▶ _DATA_:
_ _ _
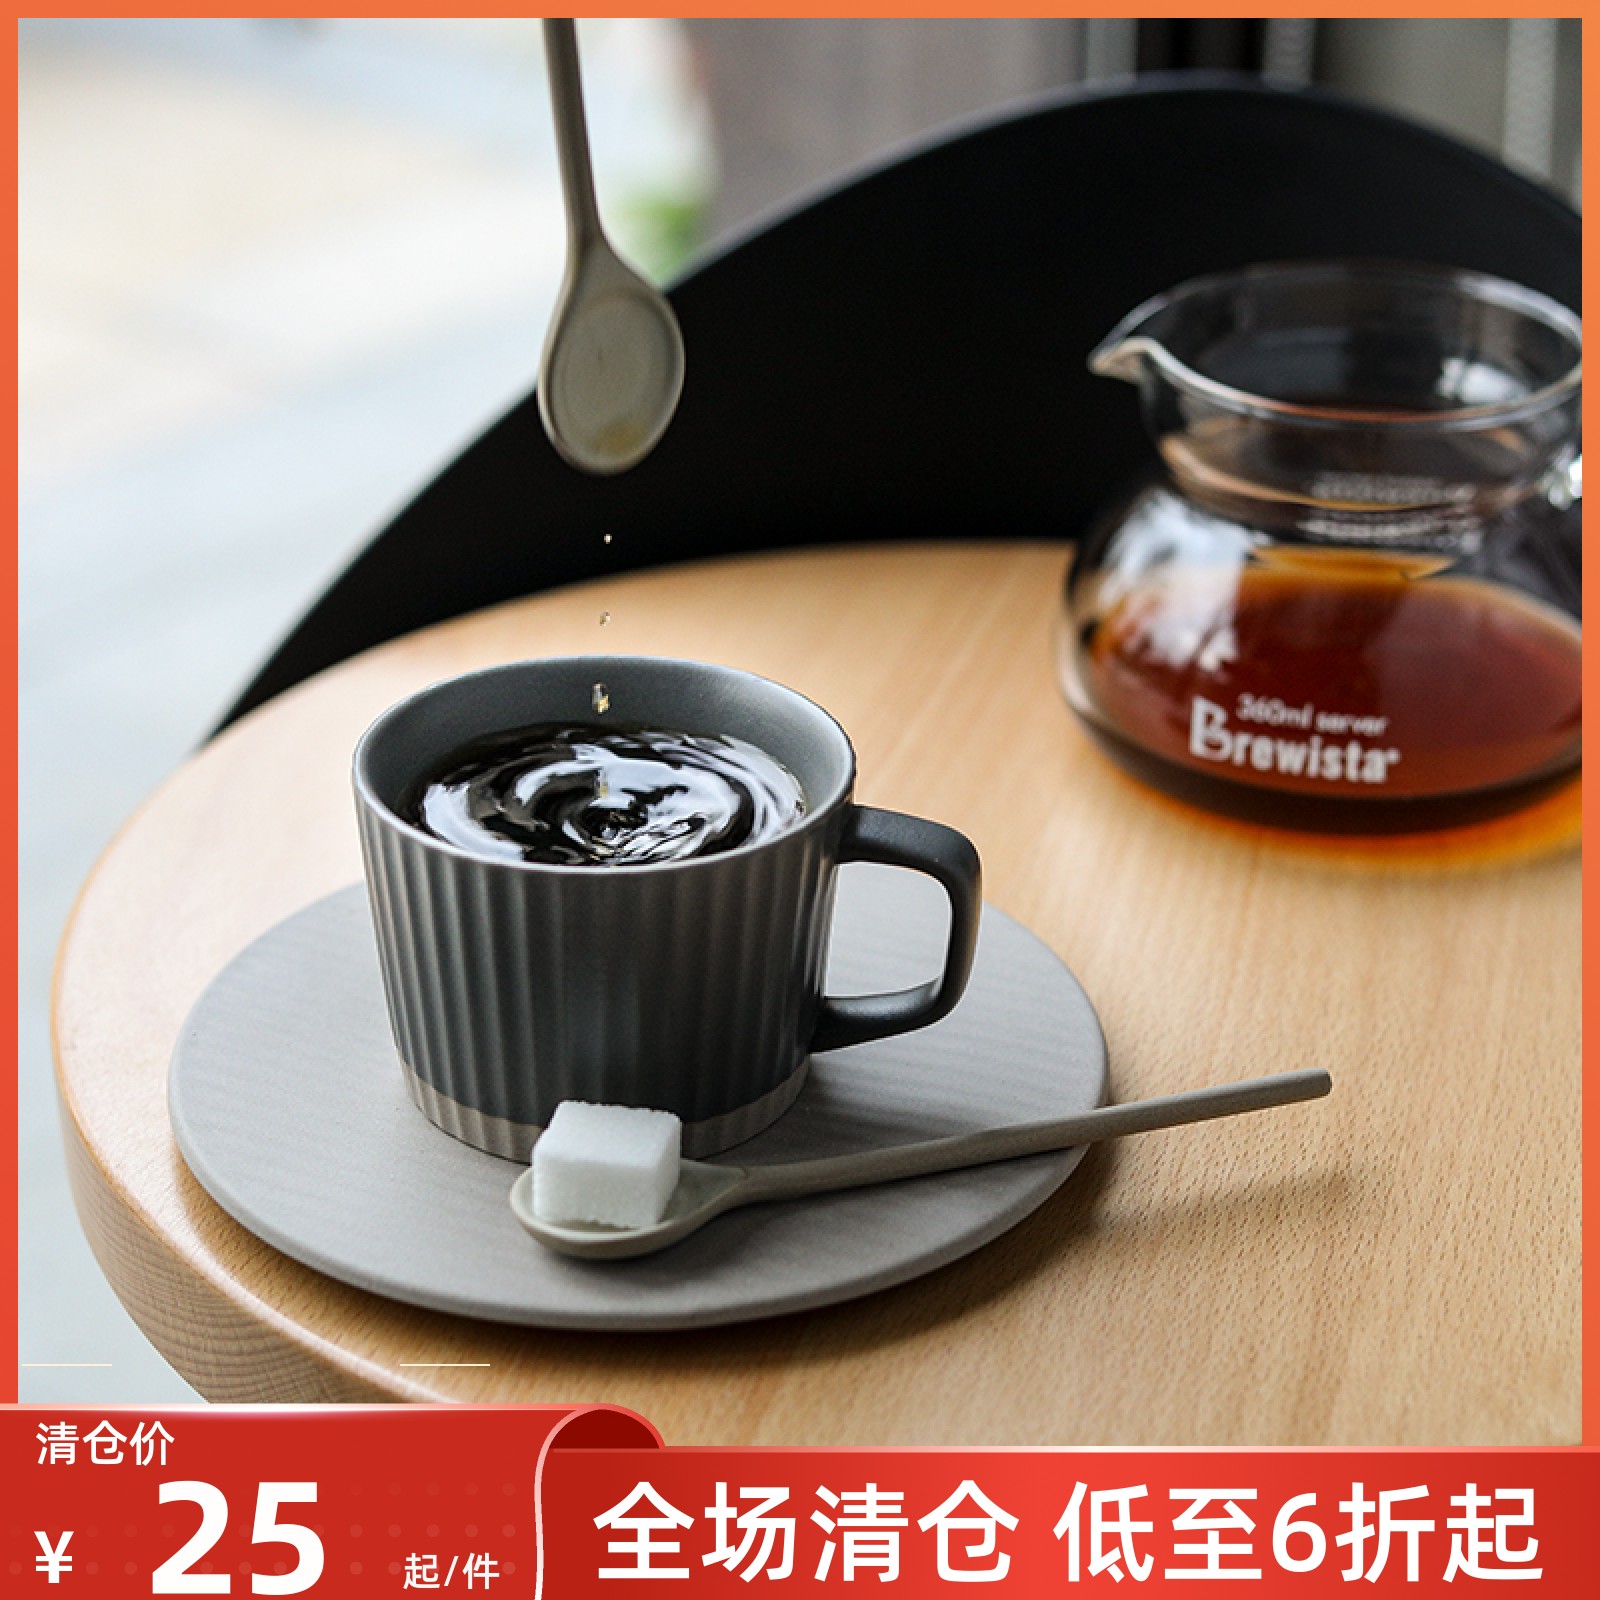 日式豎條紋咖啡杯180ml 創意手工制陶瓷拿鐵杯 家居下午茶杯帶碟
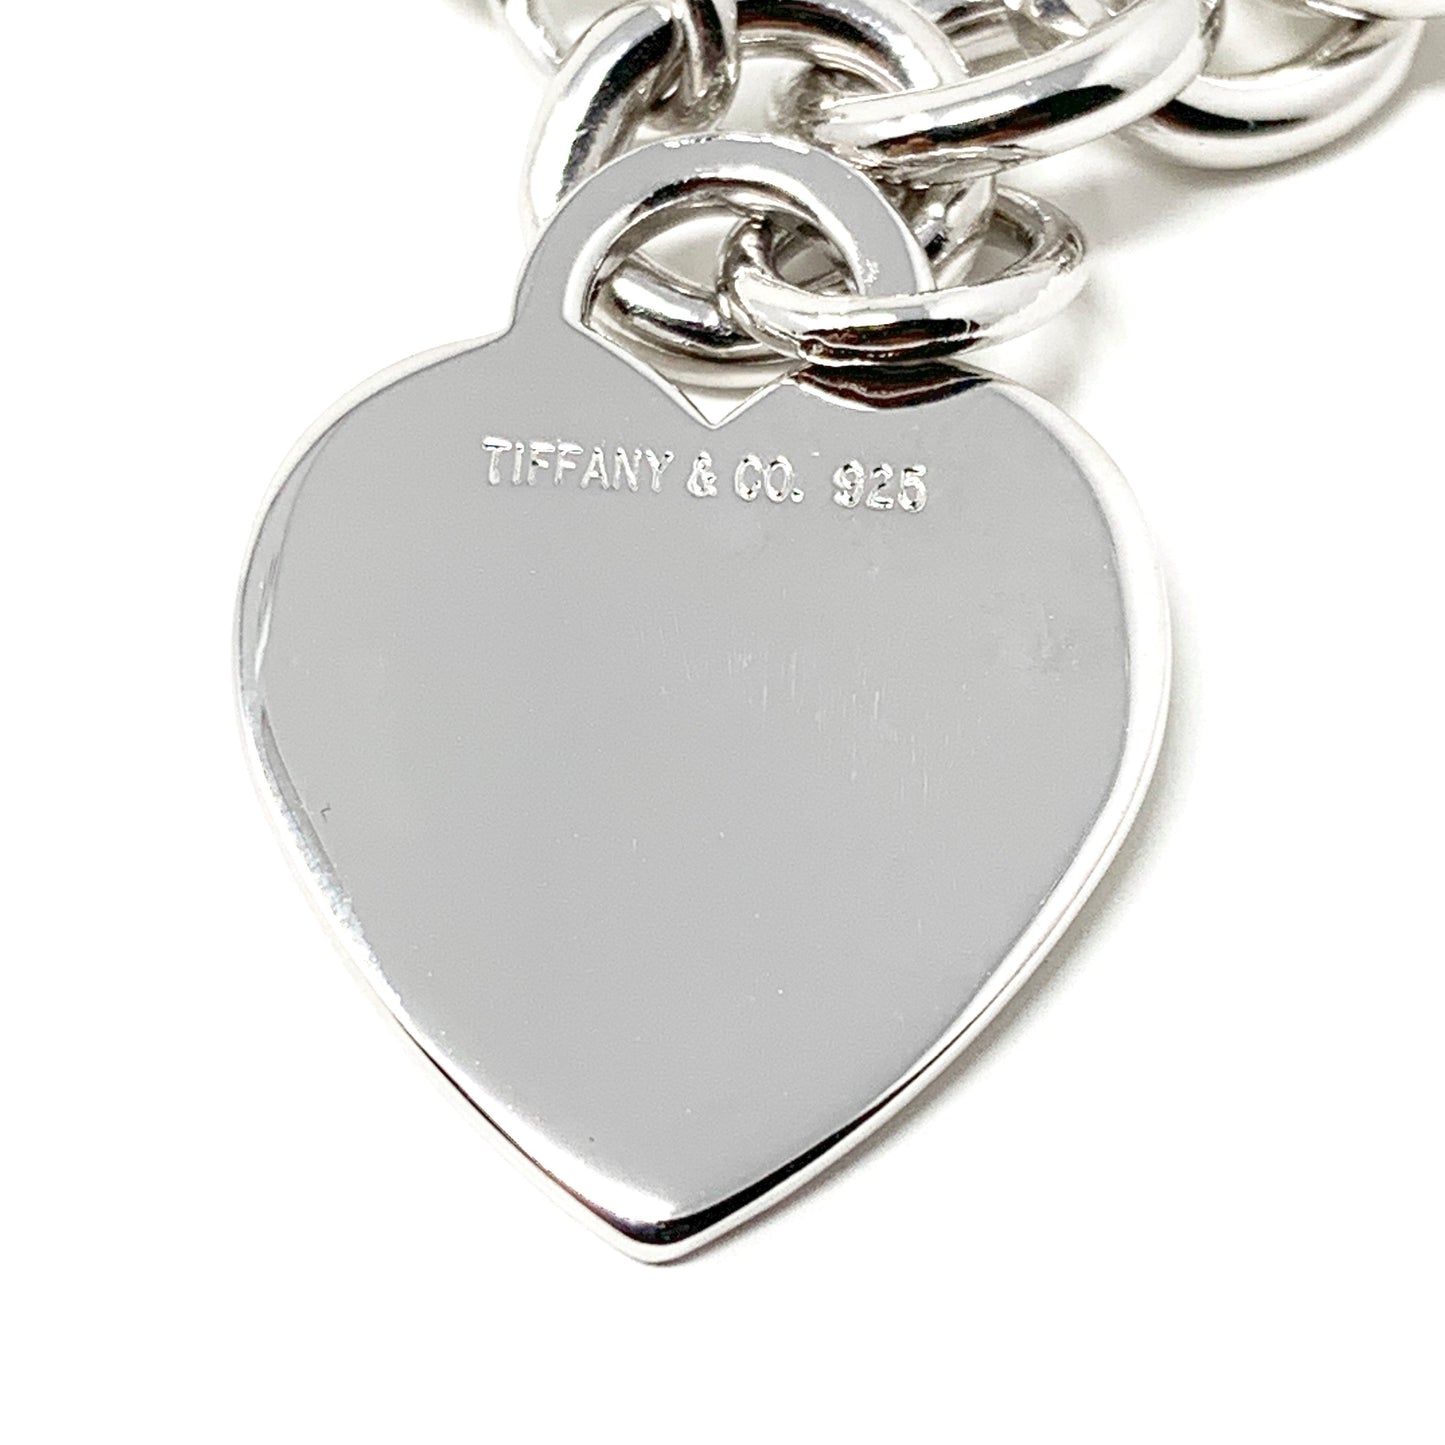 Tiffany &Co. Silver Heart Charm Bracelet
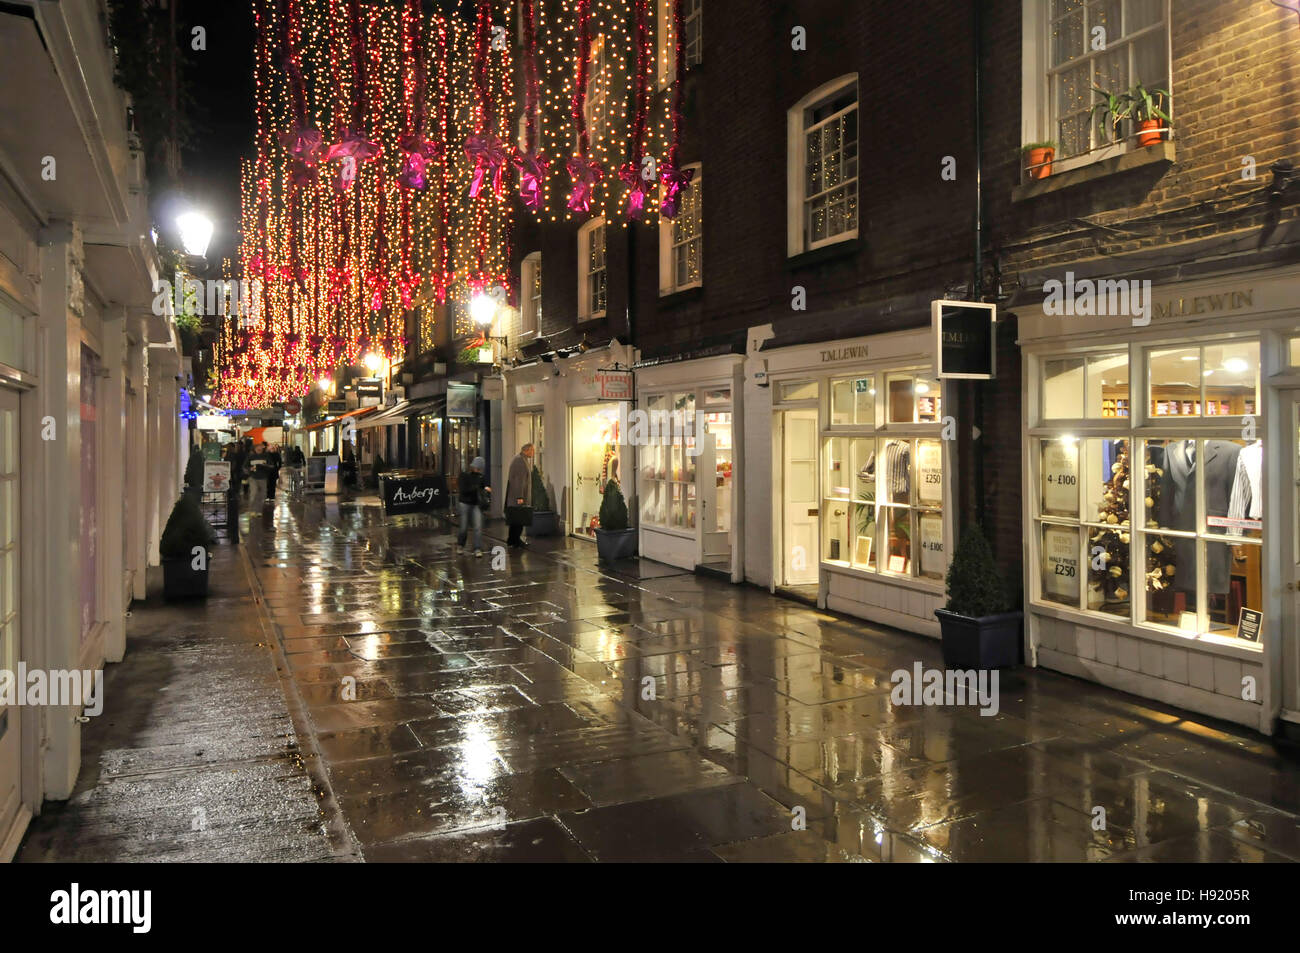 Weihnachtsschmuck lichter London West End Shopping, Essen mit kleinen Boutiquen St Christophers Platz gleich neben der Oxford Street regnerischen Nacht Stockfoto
_ _ _
▶ _EXERCISE BRIEF_:
Output the data exactly as it appears. The pictures do not belong in it.

▶ _RESPONSE_:
 日式豎條紋咖啡杯180ml 創意手工制陶瓷拿鐵杯 家居下午茶杯帶碟
 Tiffany &Co. Silver Heart Charm Bracelet
 Weihnachtsschmuck lichter London West End Shopping, Essen mit kleinen Boutiquen St Christophers Platz gleich neben der Oxford Street regnerischen Nacht Stockfoto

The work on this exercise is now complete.